Aug 13 2015
Management

Developing a New Scorecard for IT

Business and technology managers recognize that IT needs to play a larger role in driving business outcomes and seek new ways to measure success.

New data indicates that agility, speed and innovation are top priorities for today’s corporate leaders, especially as managers work to align business and IT goals.

Those insights come from the 2015 Business Performance Innovation (BPI) Network report “Accelerating Business Transformation Through IT Innovation,” which is based on data from 250 business and technology managers worldwide.

The report shows that 42 percent of respondents believe their companies are embracing new technologies “very well” or “exceptionally well.” And 47 percent say their business groups are devoting more time to understanding the strategic implications of those technologies, including their impact on competitive advantage and customer experience.

Another 47 percent of business and technology managers say the level of innovation is “good” or “very high” within their in-house IT organizations, but 37 percent say their IT groups are only making progress toward innovation. BPI Network offered expert perspectives on the subject:

“Innovation is an often misunderstood and misused term,” said Scott Offermann, Director of Critical Operations at Cushman and Wakefield. He added that “true and incremental innovation is rarely recognized and even more rarely acknowledged.” The fact that nearly half the survey’s respondents said they’re “making progress” supports Offermann’s perception that smaller steps are taking place.

 

That said, many leaders in both the technology and business world think the sluggishness of innovation is more than a matter of perception. For them, it is a reality. “I think it’s real and it’s big,” Tim Chou, an IT lecturer at Stanford University, said after the San Francisco CIO Roundtable. “I would claim right now there is almost no innovation occurring in most corporations.”

Of course, organizational factors can stifle innovation. Forty-four percent of respondents say technology adoption is most hindered by an inability to reach consensus on IT investment decisions. But IT organizations could also be part of the problem: According to the report, 44 percent of managers believe IT still has a ways to go before becoming a strategic, responsive and valued business partner.

“I think the ‘aha’ moment for this was the level of sophistication that the business people have with technology and the utter frustration that they’re showing toward the inability of their IT departments to keep up with innovation,” says Tom Murphy, editorial director of BPI Network.

That may be why proposed business metrics focused not only on more traditional IT measures, such as the reliability, scalability and security of IT infrastructure, but also on innovation and agility indicators. Thirty-eight percent of the managers surveyed believe that companies should rate IT organizations on the ideas they generate to drive business results.

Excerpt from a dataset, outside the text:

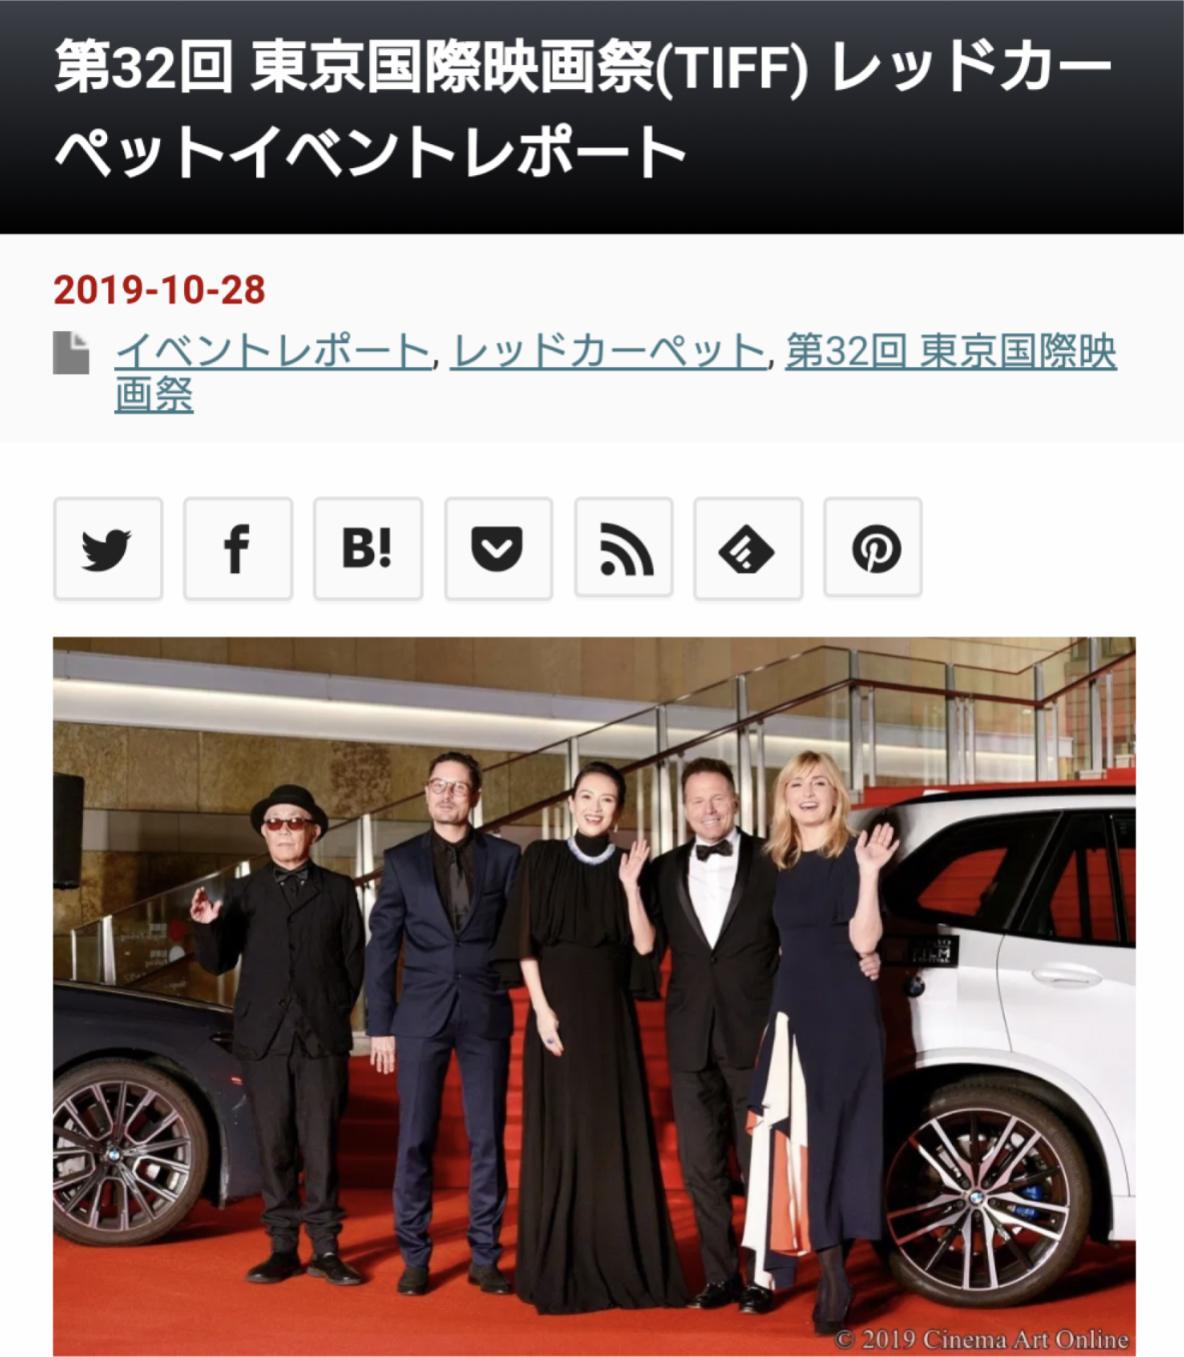 Cinema Art Online 第32回 東京国際映画祭(TIFF)レッドカーペットイベント書きました

“That’s not something that an IT manager usually thinks about,” Murphy says. “They come to work and think, ‘How many more servers do we need to manage the load?’ But they don’t think, ‘What can I do to help the sales team be more effective in selling its product?’”

To unify business units and IT, Murphy recommends involving IT in strategy discussions from the start.

“The business people don’t often bring them in early enough to explain what it is that they’re looking for,” he says, but early collaboration is the best way to produce results.

“Anything is possible in technology,” he adds, “you just really have to understand what you’re after.”